Task brief: Exact reproduction is required for the lines below starting at the line with "12pcs DIY Craft" and ending at the line with "THE 10 YEAR", both included. No other lines, and no pictures.

Extracted entries:
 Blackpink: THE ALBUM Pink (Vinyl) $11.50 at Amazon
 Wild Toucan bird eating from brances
--
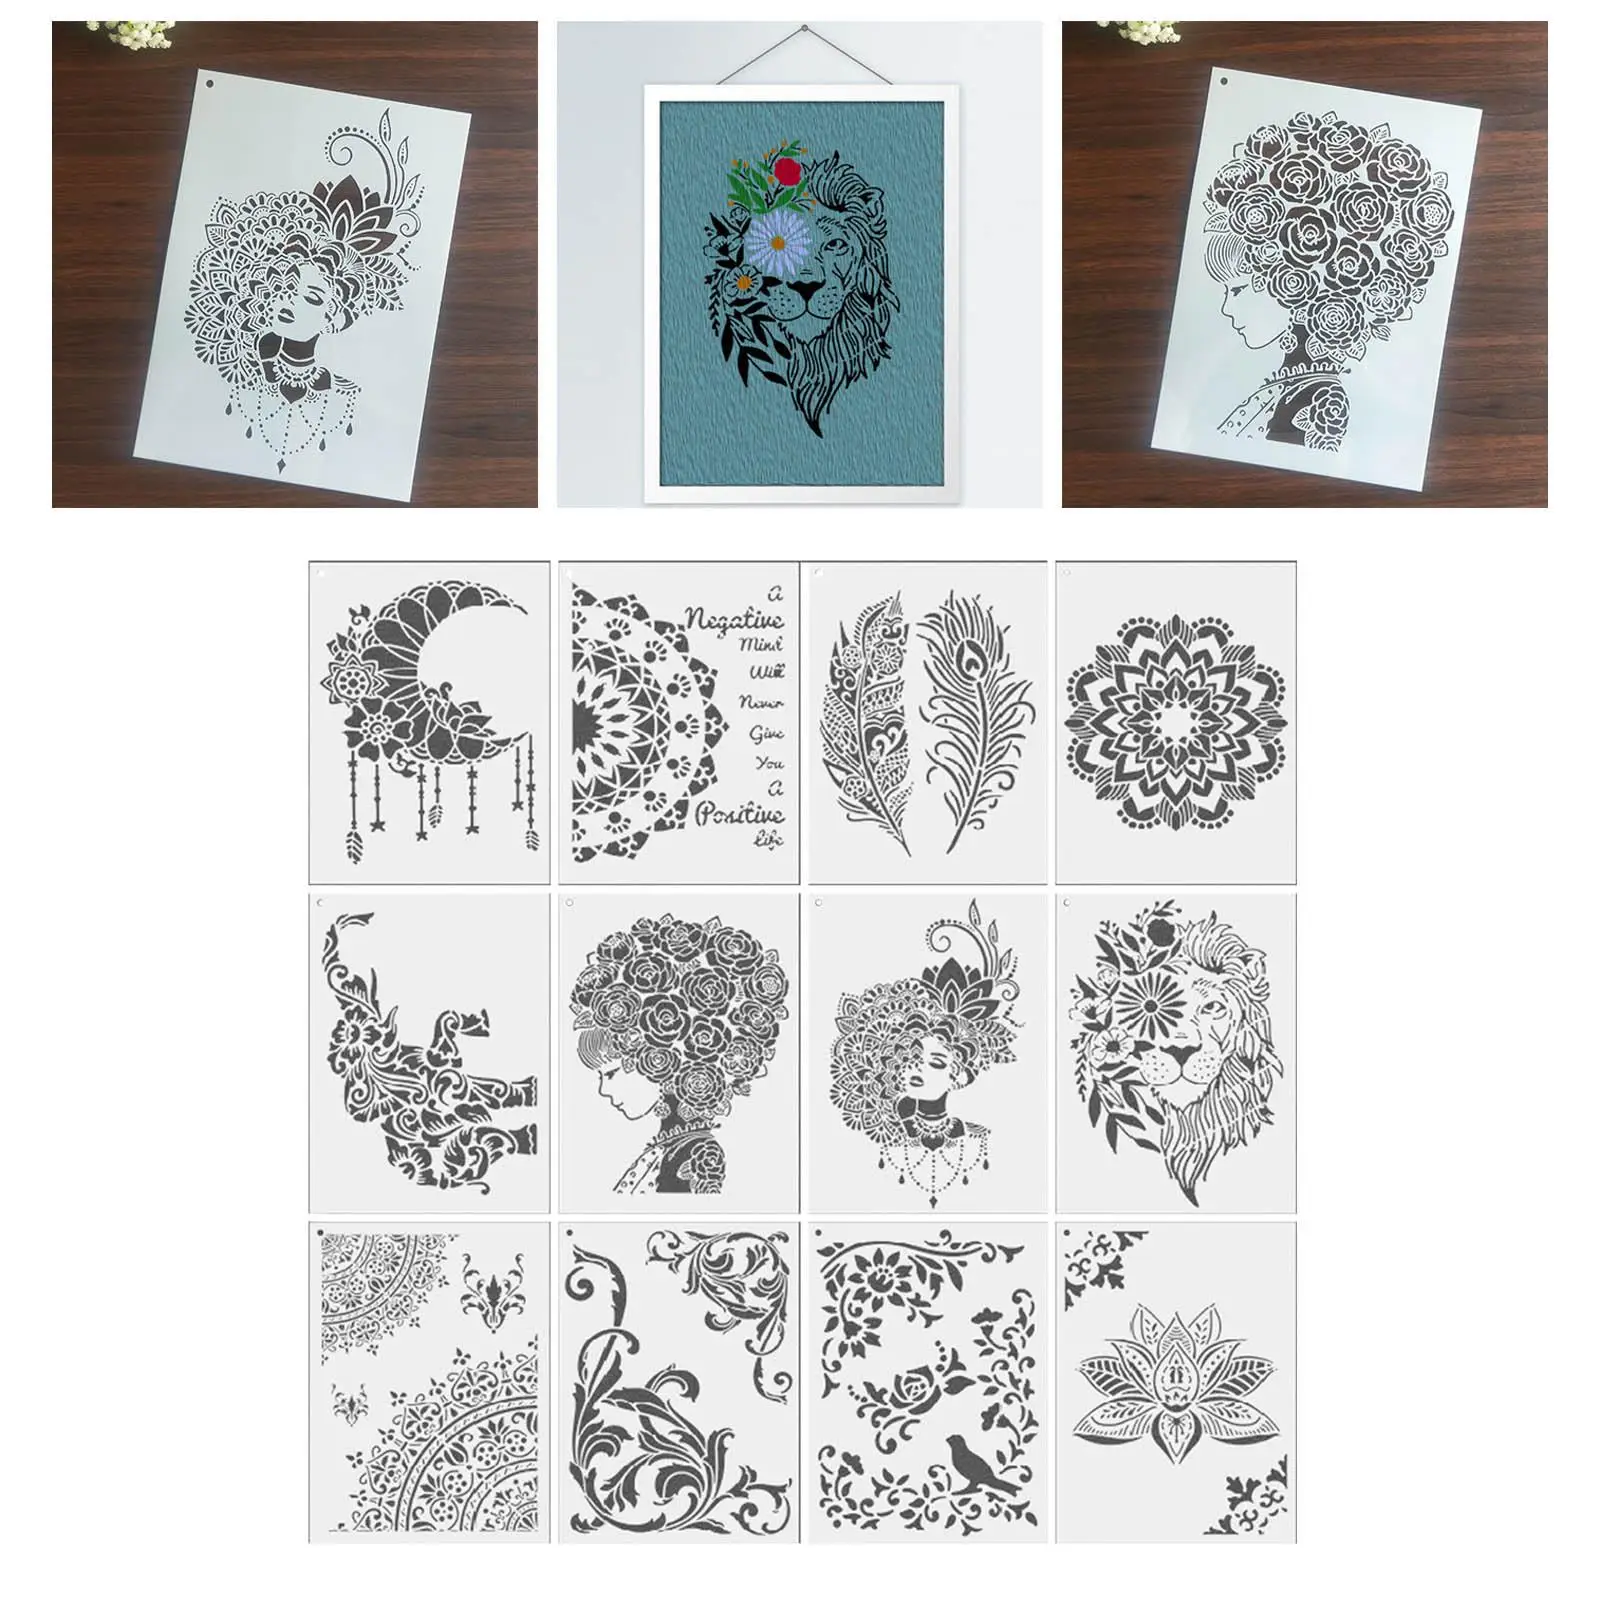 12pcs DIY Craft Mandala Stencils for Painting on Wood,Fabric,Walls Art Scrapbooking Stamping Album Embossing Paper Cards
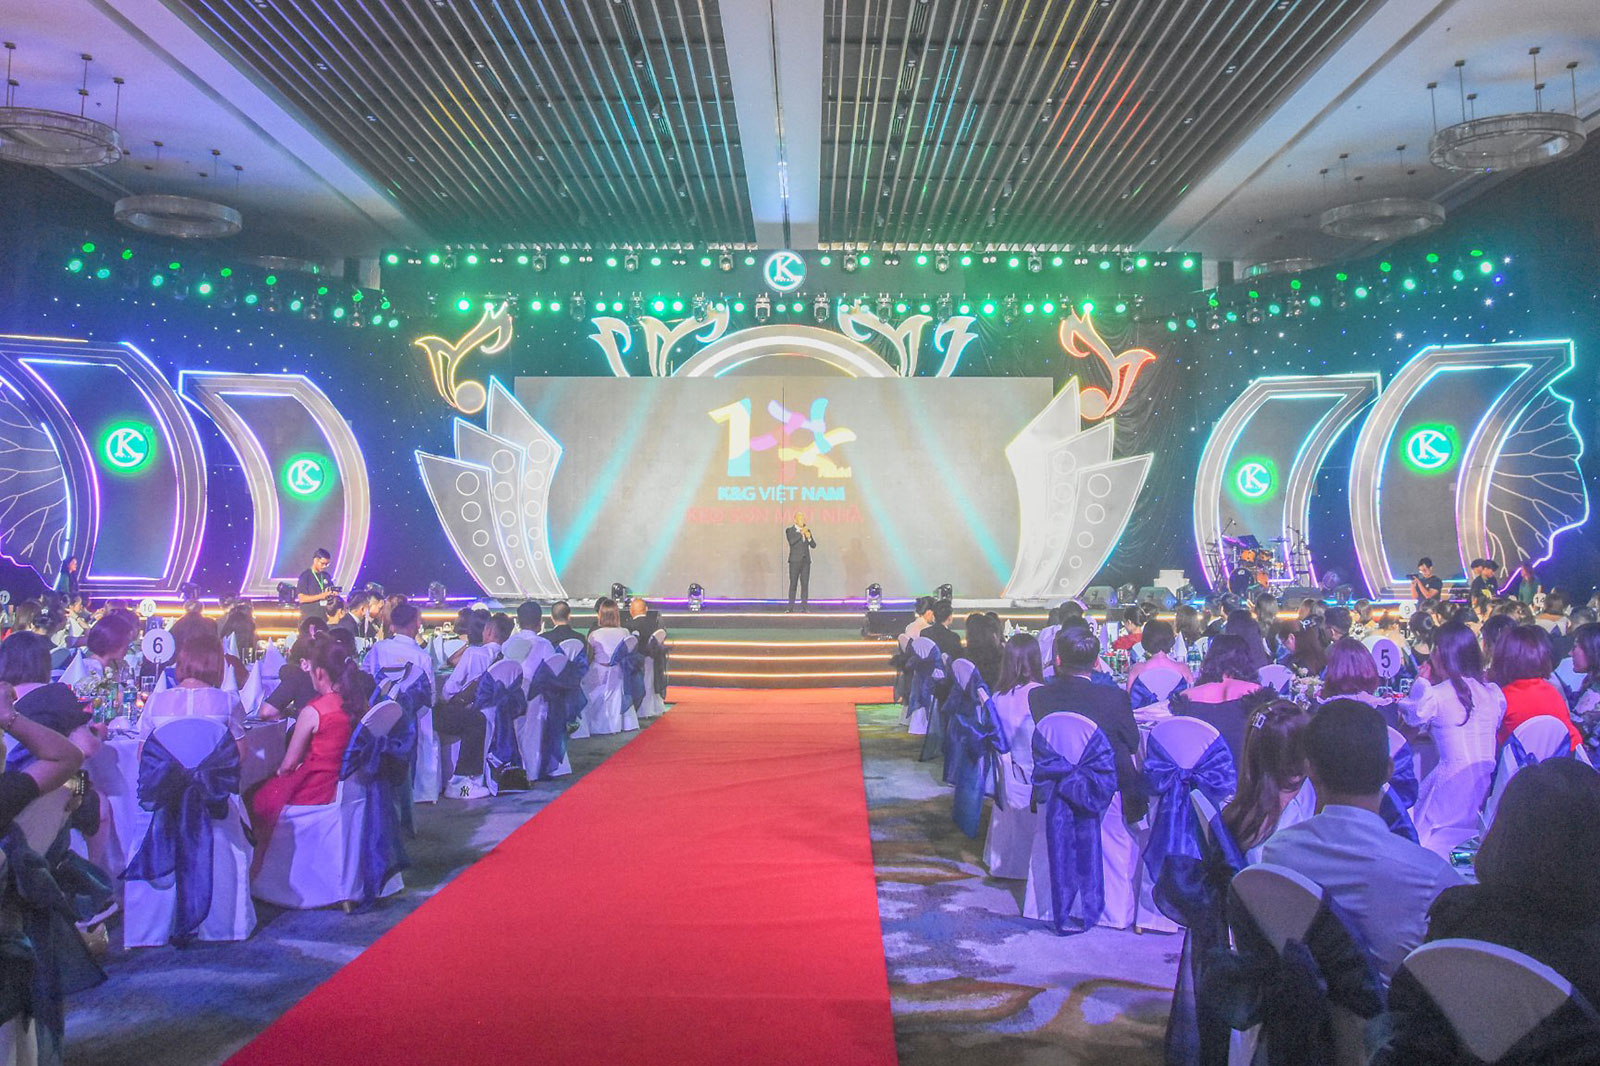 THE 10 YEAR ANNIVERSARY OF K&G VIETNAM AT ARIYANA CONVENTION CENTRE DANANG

Reply:
 12pcs DIY Craft Mandala Stencils for Painting on Wood,Fabric,Walls Art Scrapbooking Stamping Album Embossing Paper Cards
 THE 10 YEAR ANNIVERSARY OF K&G VIETNAM AT ARIYANA CONVENTION CENTRE DANANG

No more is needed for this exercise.